Il plongea la boîte quelques instants dans l’eau chaude du coquemar, puis il l’ouvrit et fit tomber dans sa casserole le contenu rougeâtre et luisant, dur comme pierre. Il posa la casserole sur des braises qu’il venait de tirer du feu. Accroupi devant sa sacoche, le prêtre sortit deux boîtes de sardines, trois paquets de biscuits et deux tablettes de chocolat.
— Voilà de quoi faire la fête, fit-il en se relevant.
Il regarda un moment autour de lui, puis, prenant la pioche, il en donna trois coups tout près du foyer dont la chaleur avait déjà rayonné. Il prit une grosse poignée de glèbe et la pétrit lentement. L’écrasant entre ses doigts, il s’approcha de la flamme pour l’examiner.
— Tu sais, fit-il, je suis d’accord avec Faivre. Je crois que tu es tombé sur un fameux coin. Il y a ici un mélange de tourbe, de glaise et d’humus forestier qui devrait être très riche.

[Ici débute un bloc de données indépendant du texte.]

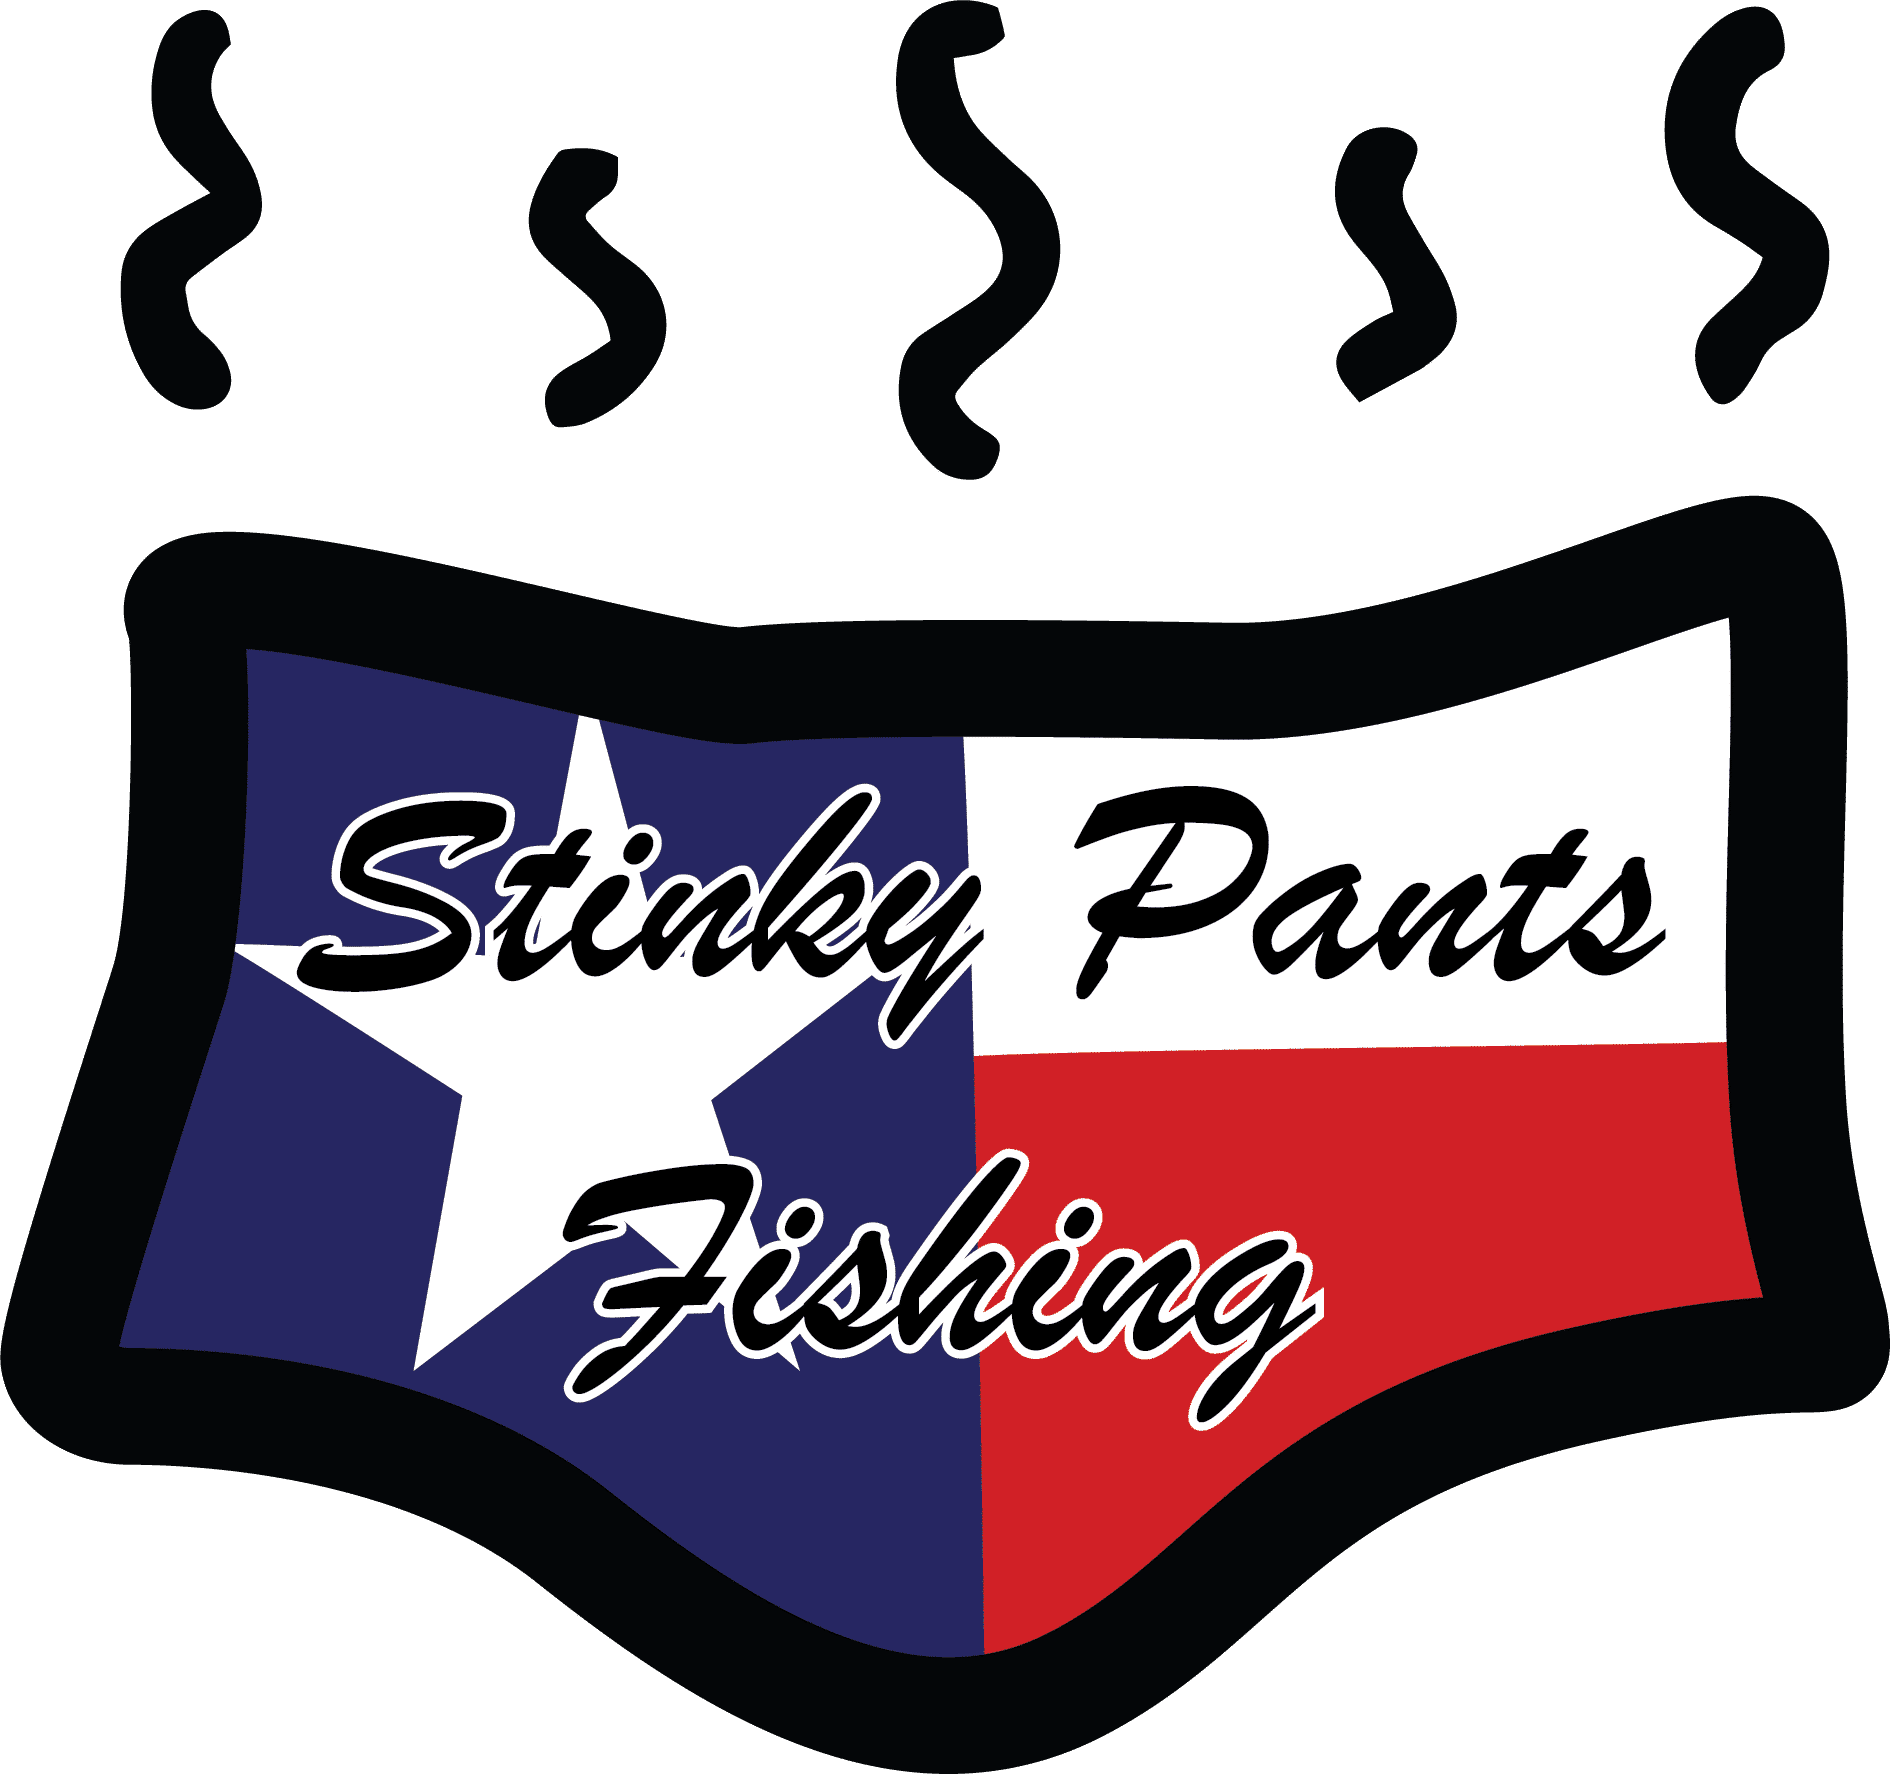 Clothes - Stinky Pants Fishing
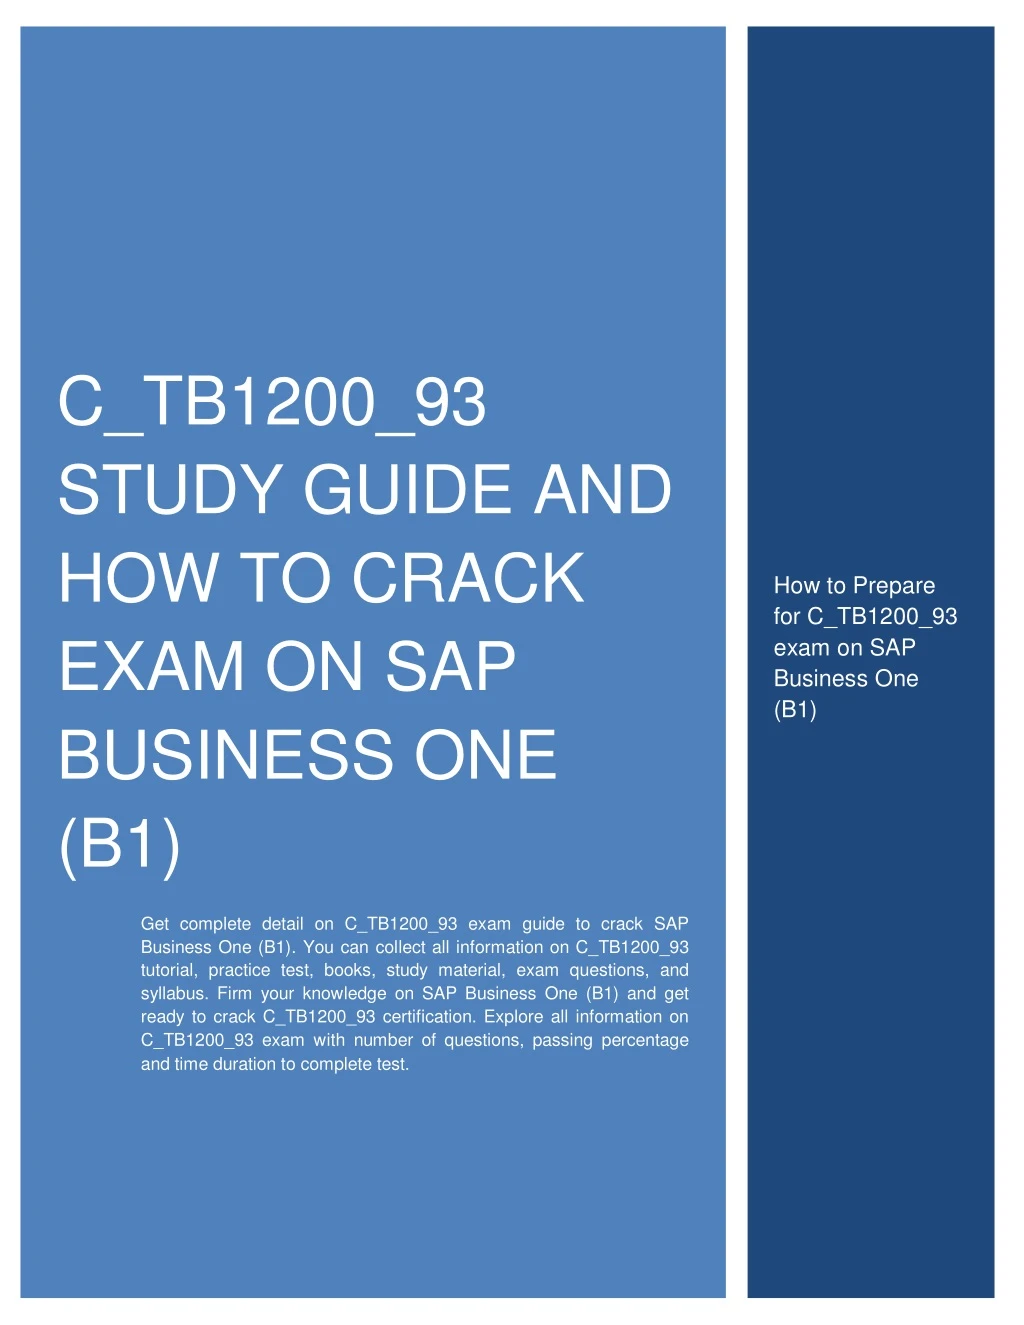 c tb1200 93 study guide and how to crack exam

Et pas trop lourd, je pense. Quand tu feras un jardin, abrité comme tu es, tu seras sûrement le premier à récolter. Je viendrai à la maraude.
Son visage souriant devint plus grave. S’agenouillant lentement, il leva sa main contenant la terre pétrie comme pour une offrande. D’une voix assez forte, il dit :
— Seigneur, bénissez cette terre que votre fils Cyrille va cultiver. Faites que sa peine ne soit jamais vaine et que le grain qu’il sèmera soit préservé de l’ivraie.
Le prêtre se signa. Cyrille l’imita puis, un peu gêné, il murmura :
— Merci, mon père.
Comme s’il ne l’eût pas entendu, le prêtre s’assit en disant que la marche lui avait aiguisé l’appétit. La nuit s’avançait. Seule une lueur vaguement ocre se devinait encore derrière les bouleaux. Les premières étoiles naissaient. Le vent marquait sa trêve du crépuscule. Ayant remué la viande d’où montait une odeur de tomate et d’épices, Cyrille vint s’asseoir à côté du prêtre qui, sa pipe bourrée, lui tendit sa vessie à tabac.
— Tu devrais t’acheter une pipe. C’est moins mauvais que ton papier. Et puis, quand t’as l’onglée, c’est rudement plus pratique.